We had a quite a chat, but a footballer cannot make a decision as important as this in a flash.  I had to consider not only myself but my wife a Blackburn girl.  I knew that if I was convinced that my future on Merseyside, my wife, loyal Blackburn Rovers fan though she was, would not stand in my way, even though it meant tearing up our roots and starting again.   Mr. Carey would have liked a decision there and then, but I just could not give it to him.  No matter who had been asking Spurs, Arsenal, or Manchester United my reaction would have been just the same.  I simply had to play for time so that whatever decision I made was taken at leisure, with a good chance of being the right one in the end.  When Mr. Carey suggested that I should travel to Liverpool the following day, with my wife, to look at houses which could be made available I saw this as the ideal stone-walling opportunity.  It meant another twenty-four hours, or so to turn the whole thing over in my mind. 
I soon found that the hospitality which is legendary so far as the Everton club are concerned was true.  I could not have failed to be impressed for there was no feeling that they were laying it on specially for me, and painting a picture which might be at danger of fading slightly in later days.  There was a naturalness about everything and we would have been less than human if it had not registered in Everton’s favour.  Mr. Carey sought a decision by the next day and I promised to let him have it.  All the way home we ironed out the points for and against, and again at home there was only one topic of conversation.  I consulted those, I thought I thought to be in the best position to advise me and that same night I made up my mind that it was too great a problem to attempt to resolve so hurriedly.  A few hours in advance of the agreed time I told Mr. Carey that I was going to stay at Blackburn. 

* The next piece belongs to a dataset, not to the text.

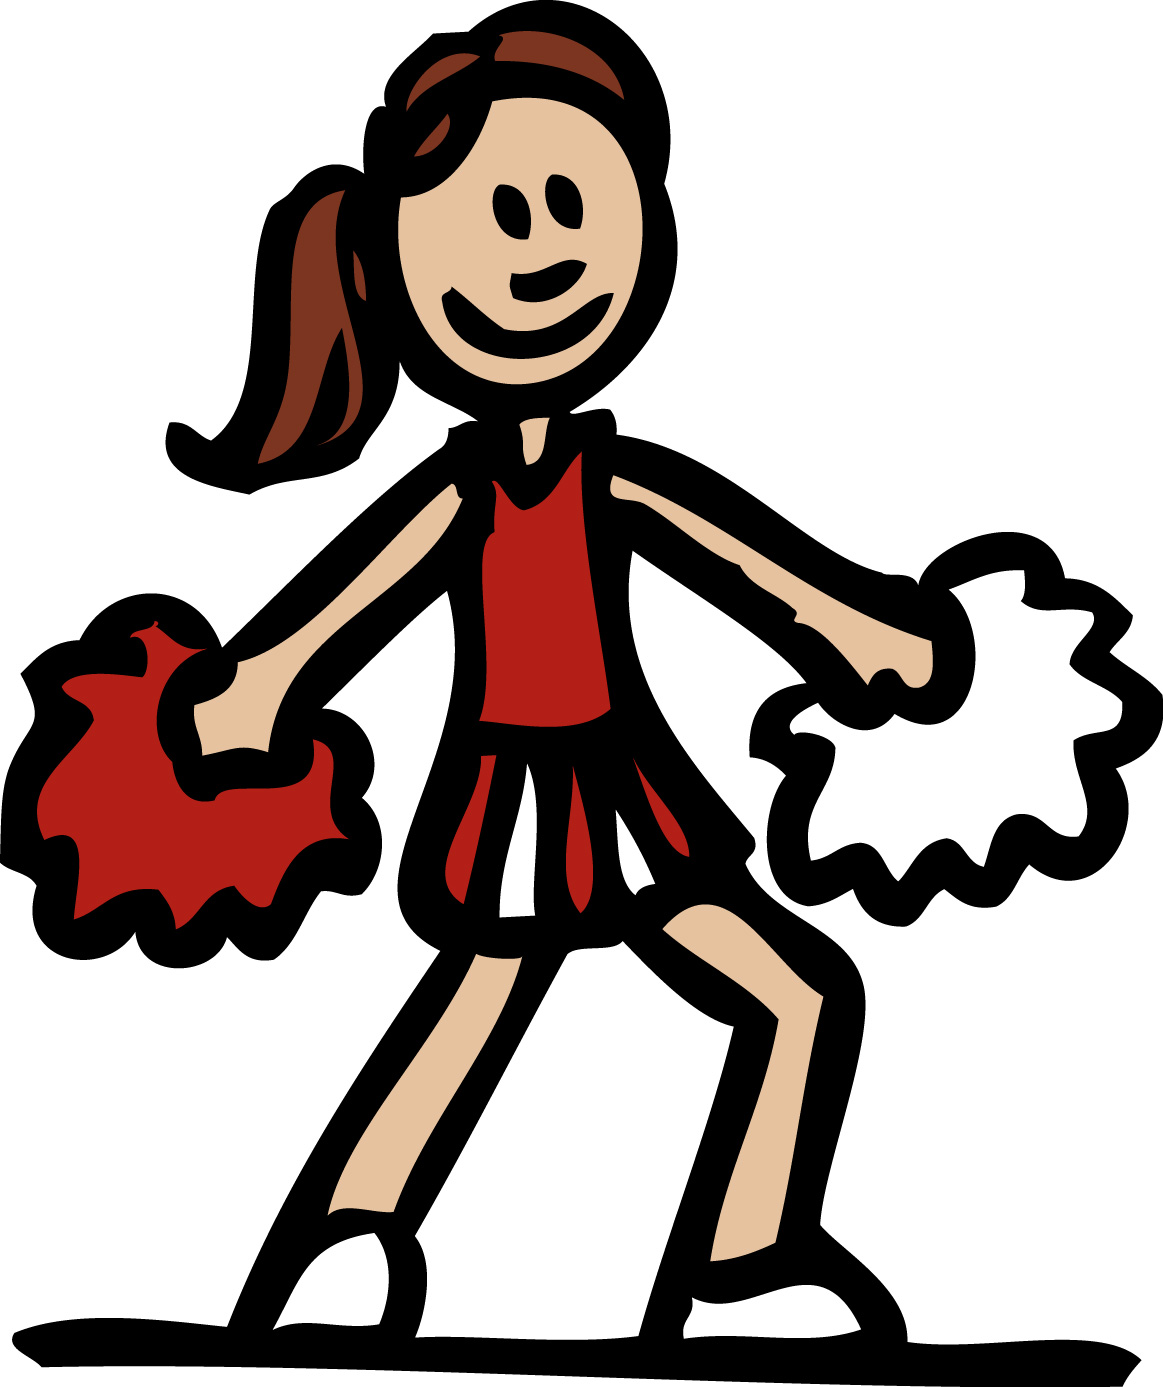 15 Clipart Of Cheerleaders Free Cliparts That You Can Download To You

Meantime I resumed playing for Rovers but I could not erase from my mind the events of the past months at Ewood Park.  There was the thrill of the F.A Cup progress and some playing success to tempt me to forget my disappointments, but when, even with the glittering prospects of  Wembley appearance hovering on the horizon I still felt out of my depth at Blackburn.  I knew that if Blackburn were still o a mind to transfer me, I would go.  When I told my wife of my crystallized feeling, she was a real brick.  “Whatever you decide Roy, is all right with me, I will go whenever you feel your future lies,” she said.  That was wonderful support at the time I needed it most.  If she had pleaded with me to stay on at Blackburn, I just don’t know how I would have reacted.  Then there was the haunting thought that there might have been a change of mind on the part of the Rovers.  Perhaps they would no longer desire me to move. 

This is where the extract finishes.